Below are the records; give the number of their lines that contain the word "with" and nothing more.
Records: Begin
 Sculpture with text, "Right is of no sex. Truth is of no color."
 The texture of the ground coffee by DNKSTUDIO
Records: End
Records: Begin
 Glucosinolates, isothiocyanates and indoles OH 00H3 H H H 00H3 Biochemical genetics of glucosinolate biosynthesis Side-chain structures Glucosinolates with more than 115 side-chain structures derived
Records: End
Records: Begin
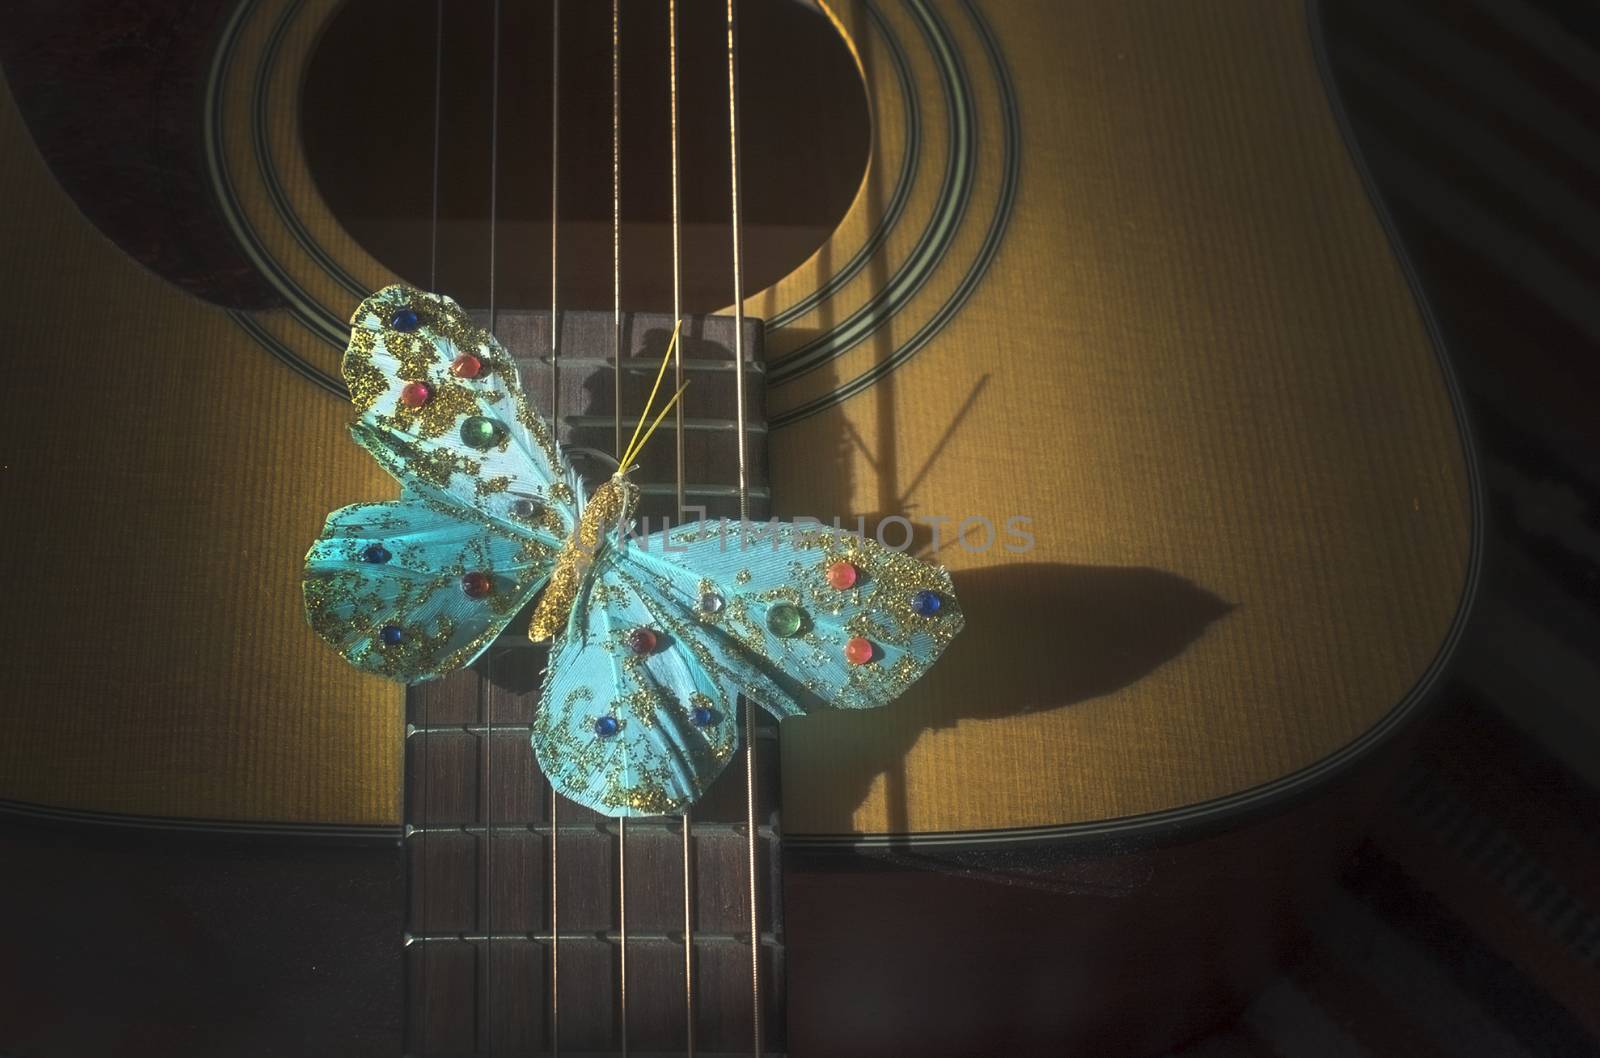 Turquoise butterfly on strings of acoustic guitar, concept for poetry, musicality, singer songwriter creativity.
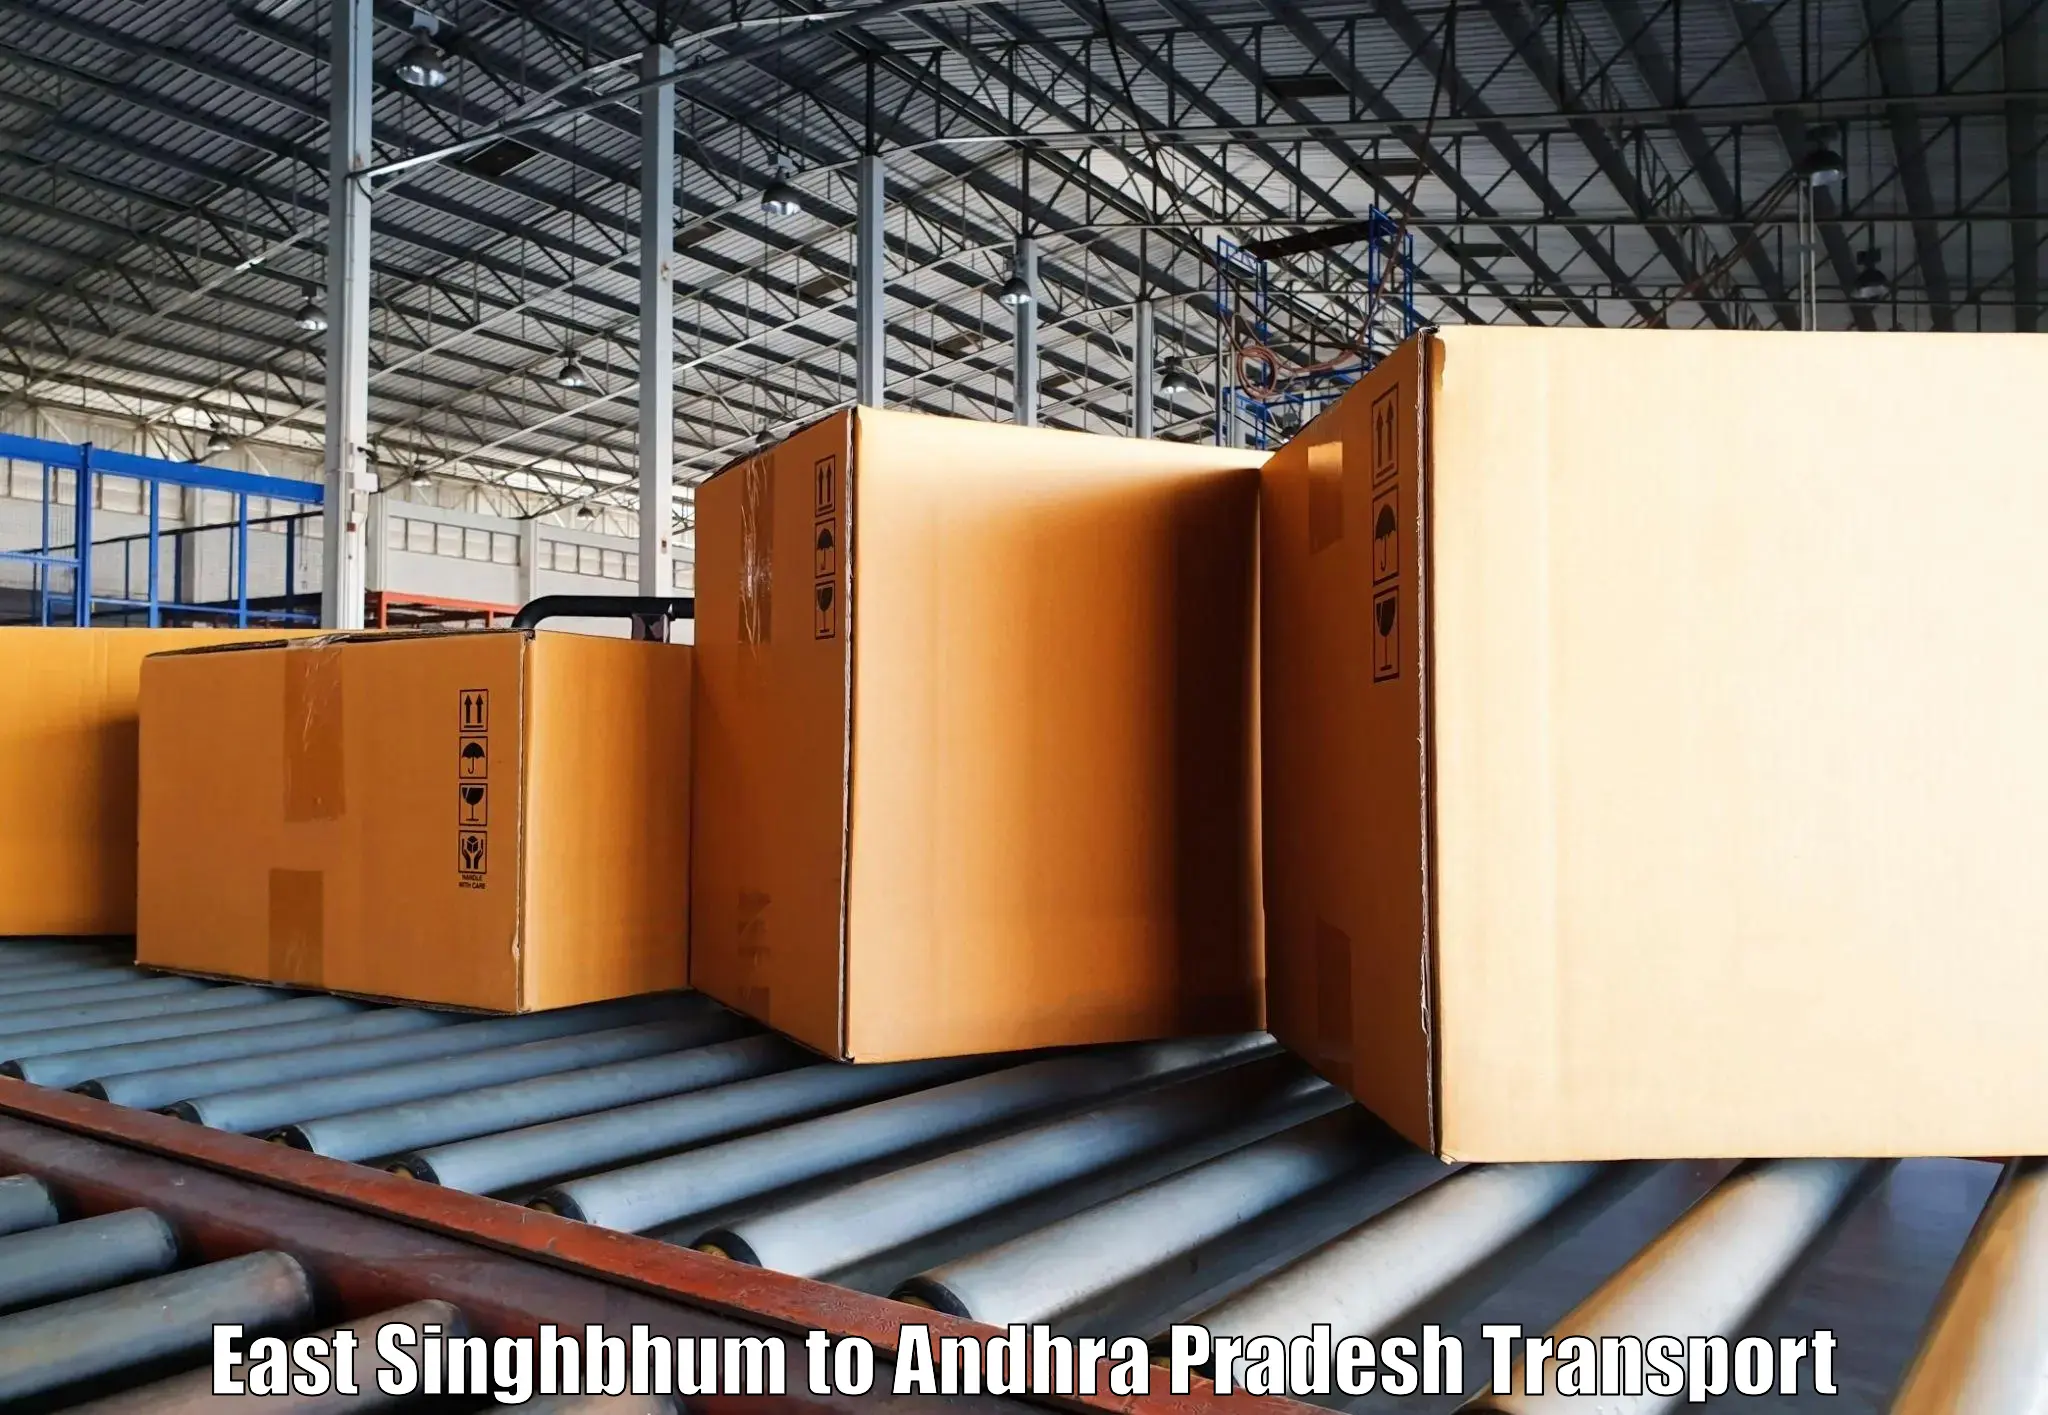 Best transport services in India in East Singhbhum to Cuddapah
Records: End
> Expected output:
2